Если знак никем не воспринимается, он существует как акустическое явление или
графический образ или след в клетках мозга, не выполняющий функцию знака. Только в
процессе размышлений и общения у людей, знающих связь конкретной материальной
единицы и смыслового образа, акустический образ становится знаком.
Четыре вида отношений необходимы для всех типов знаков, но наиболее четко и ясно
они выявляются у лексем — знаков естественного языка. Лингвистика традиционно изучает семантику, т. е. отношение лексем к мысленным образам, семемам, а через семантику
постигает и денотативные отношения лексем. Традиционно изучаются и отношения языковых знаков друг к другу, т. е. их группировки, их сочетаемость, образуемые ими
конструкции и т. д. Отношения языковых знаков к человеку стали предметом внимания
лингвистов сравнительно недавно и составляют содержание прагматики.
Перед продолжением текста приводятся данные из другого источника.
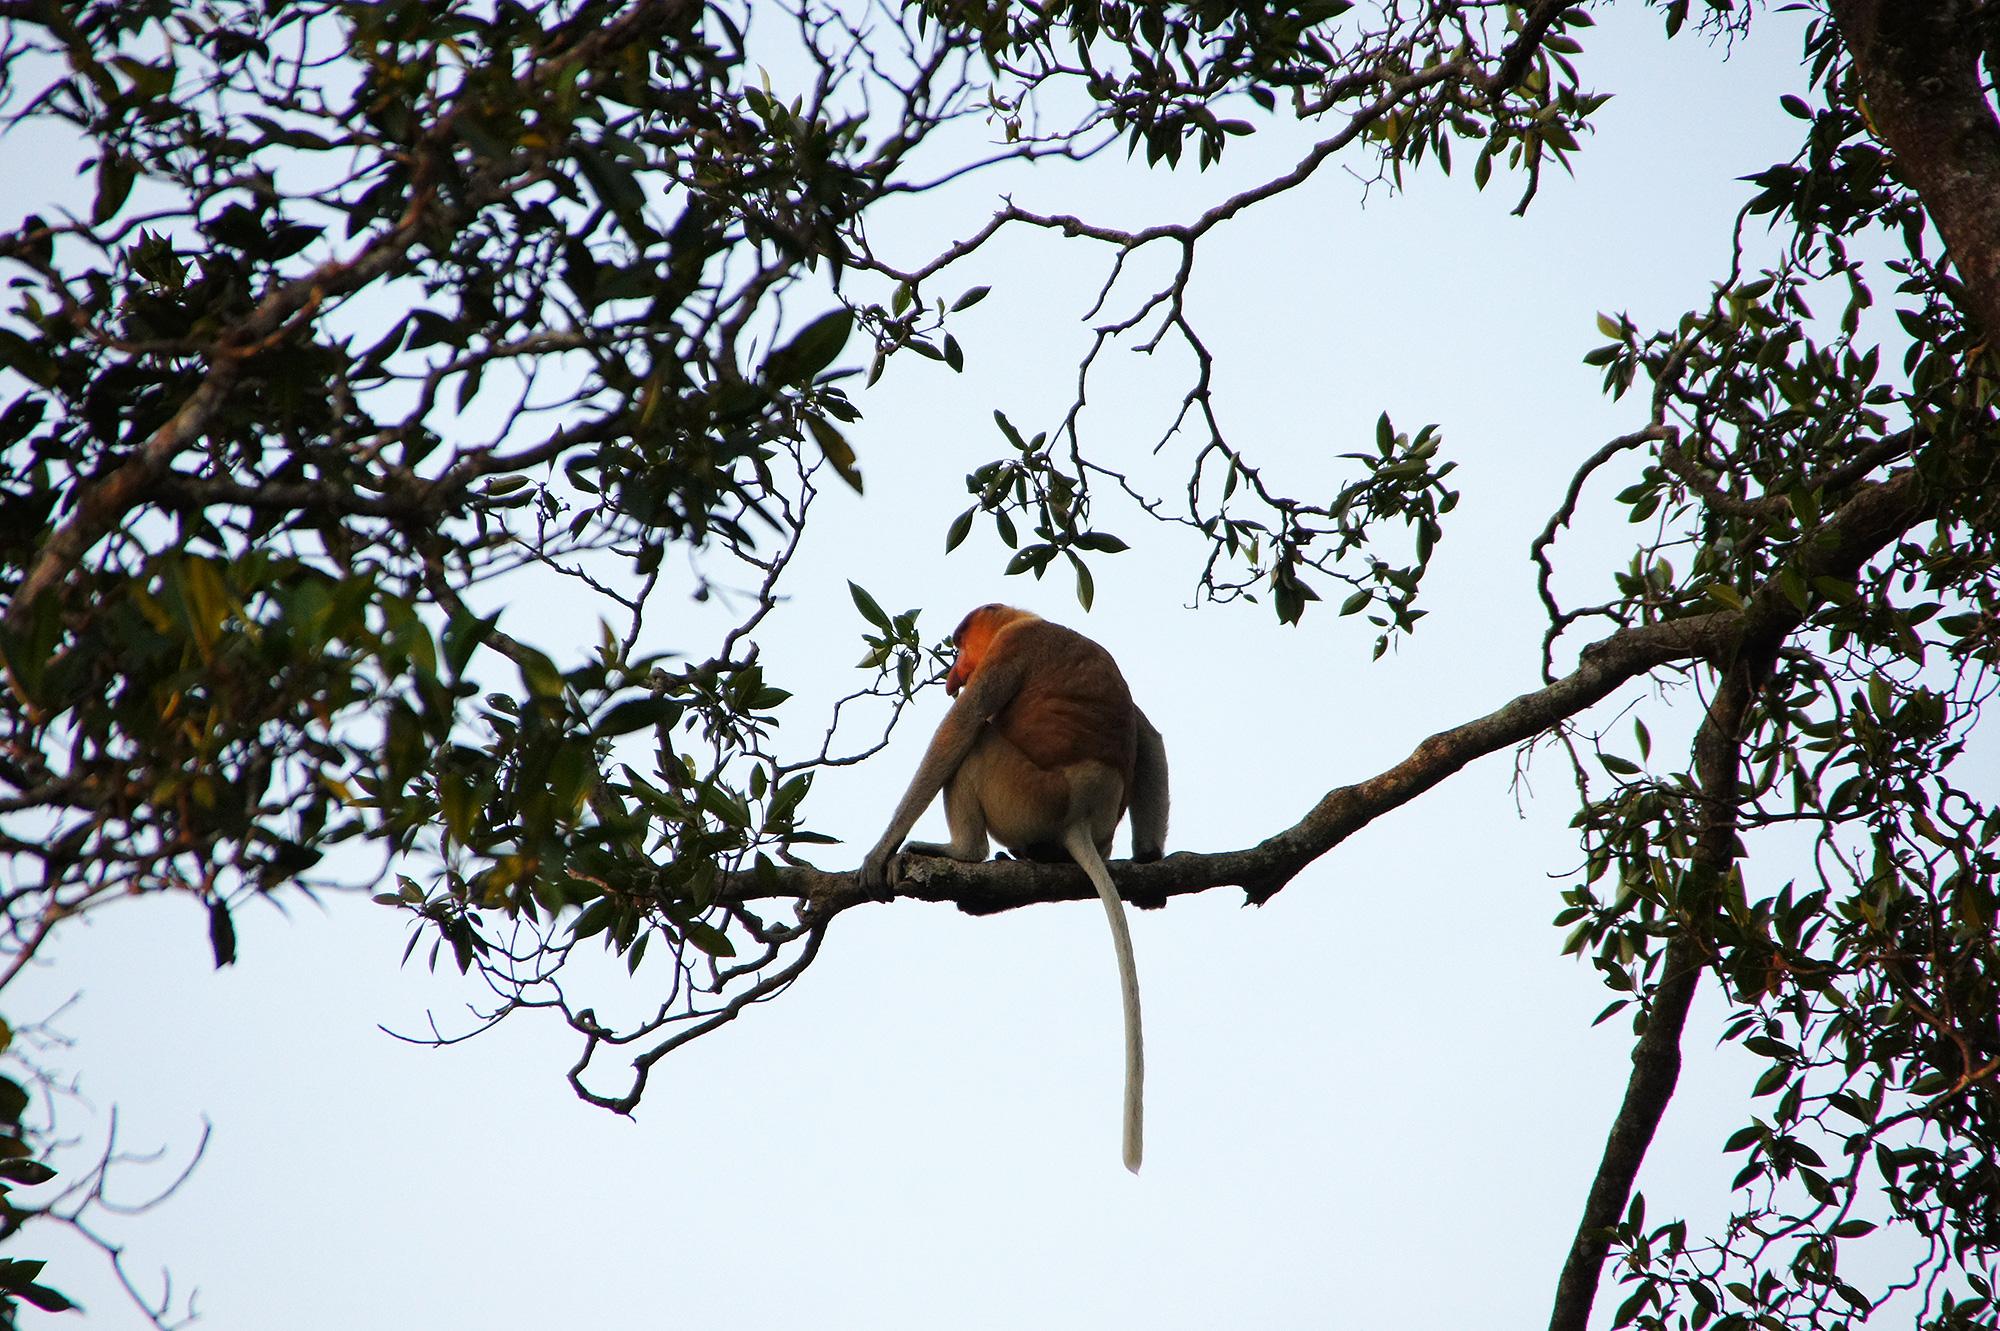 テング猿の写真素材(フリー)

Прагматика —
новый отдел науки о языке, который изучает воздействие языковых знаков на человека.
Типология языковых знаков
Вопрос о типологии языковых знаков является дискуссионным, его решение зависит от
общей теории знака, которой придерживается ученый.
Многие видные семасиологи, среди которых зарубежные ученые Д. Ричардс, С. Огден,
С. Ульман, Э. Бенвенист, отечественные ученые В. А. Звегинцев, А. И. Смирницкий и
другие, обсуждают проблему знака только по отношению к слову, которое имеет все
четыре вида отношений, необходимых для знаковой ситуации.
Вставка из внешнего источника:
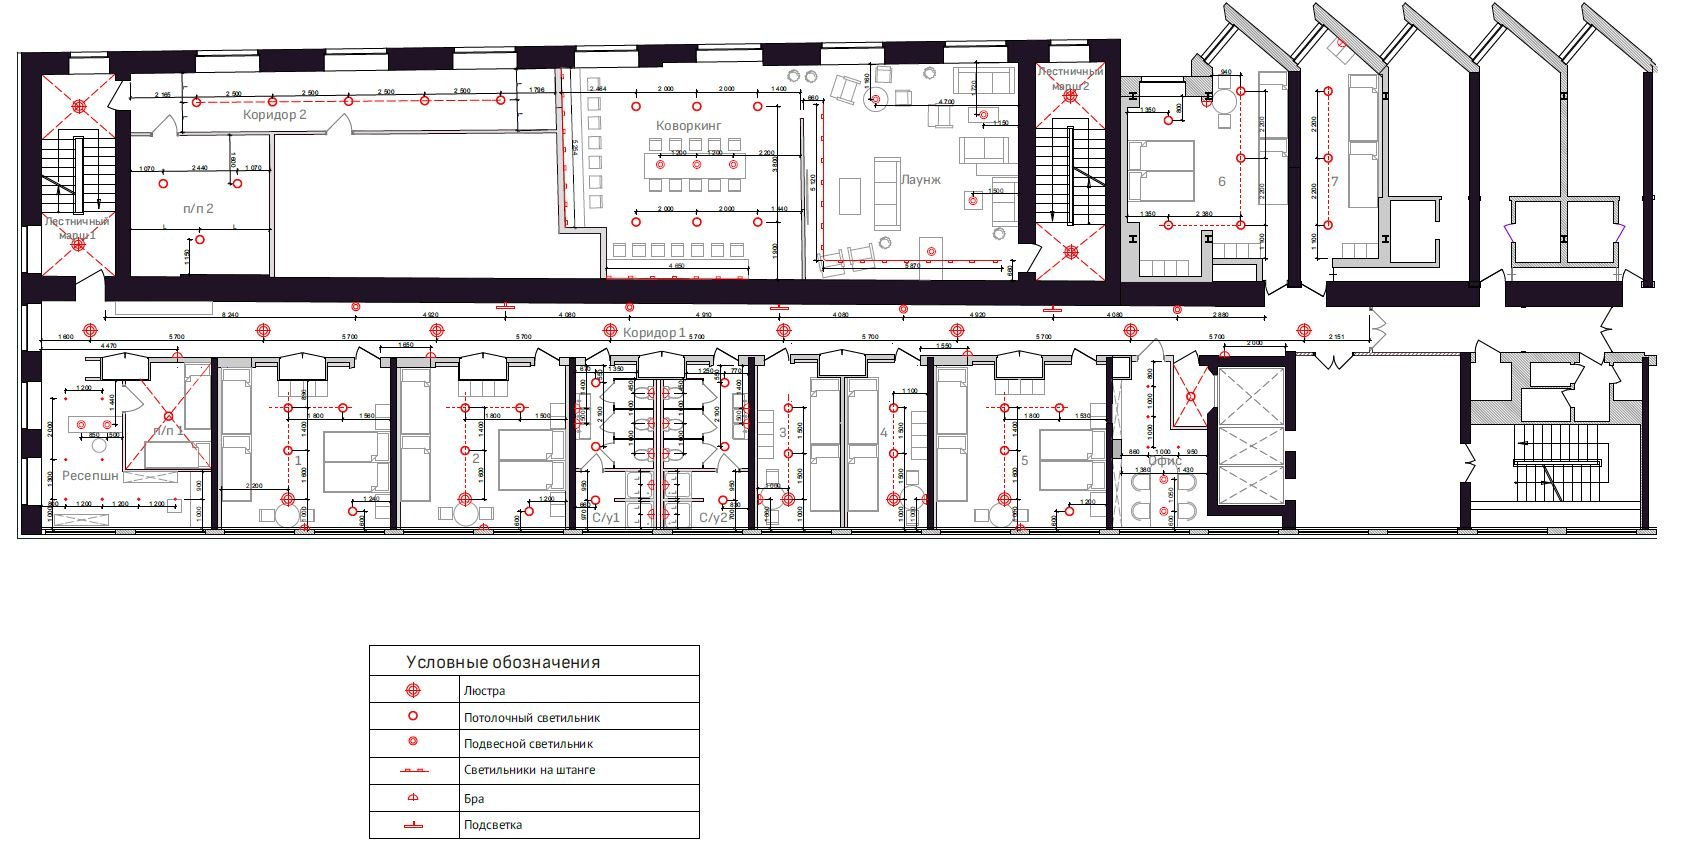 Состав проекта перепланировки нежилого помещения

Некоторые лингвисты считают знаками все двусторонние единицы языка — морфемы,
словосочетания, предложения (Ф. де Соссюр, Ч. Моррис, Л. Блумфильд, Л. Ельмслев,
А. Мартине, чешские лингвисты, российский языковед В. Г. Гак и др.).
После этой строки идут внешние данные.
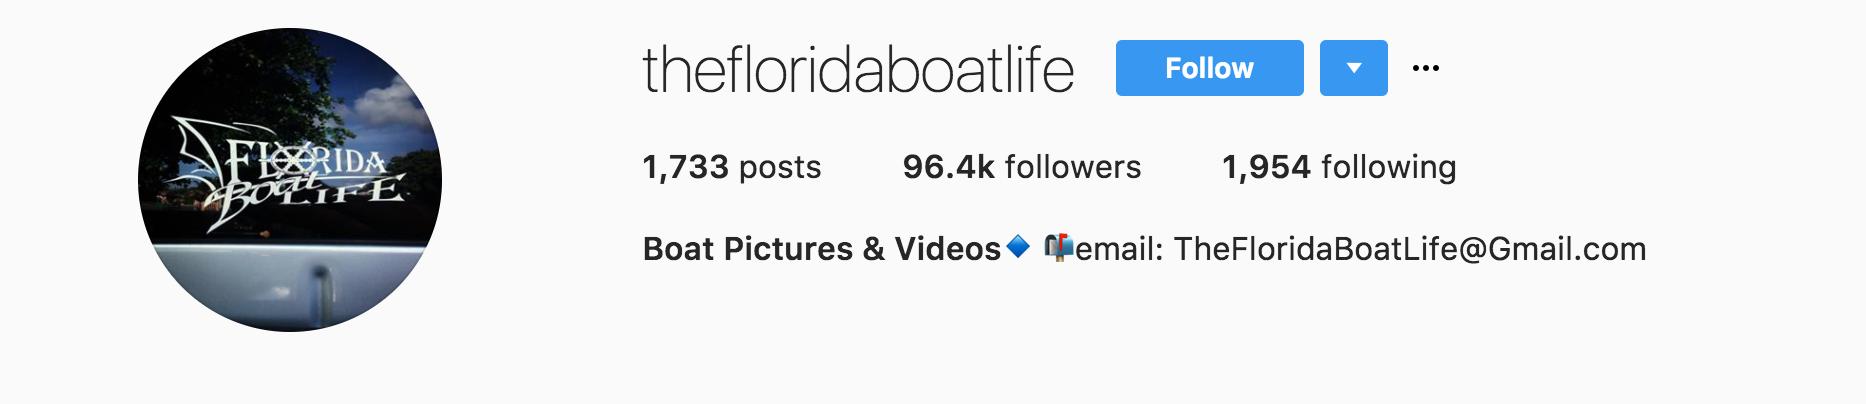 Florida Boatlife Instagram

Третья группа ученых (Ю. С. Маслов, Л. М. Васильев и некоторые другие) именуют
знаками и фонемы, и другие единицы плана выражения, хотя за отдельно взятой фонемой
нет никакого означаемого. Эти авторы исходят из того, что фонемы и другие единицы
плана выражения обладают различительной, дистинктивной функцией. В категорию
знаков зачисляются, таким образом, и признаки, т. е. материальные составляющие, из
которых строятся единицы языка.
Рассмотрим этот вопрос с точки зрения знаковой ситуации. Важнейшими отношениями
знака являются семантическое (а через него денотативное) и коннотативное, которые в
полной мере проявляются у слова. Любая лексема (звуковая сторона слова) имеет свою
семему (конкретное значение слова), а через семему входит в отношение с объектом:
лексема
«яблоко»
семема
образ яблока
объект
реальное яблоко
У каждой лексемы имеются разные соотношения с другими лексемами языка
(коннотативные отношения). Например, для лексемы «яблоко» можно определить такие
коннотативные ряды:
Яблоко
зеленое
спелое
вкусное
кислое
яблоня
яблочный
яблоневый
груша
слива
вишня
поспело
упало
висит
смородина
и др.
22
В коммуникативном процессе каждое слово может быть употреблено и воспринято как
самостоятельная единица, несущая известную долю информации. Сказанное о слове относится и к словоформам, и к словосочетаниям - в первую очередь, к фразеологическим. У
других единиц языка положение в знаковой ситуации оказывается не столь определенным.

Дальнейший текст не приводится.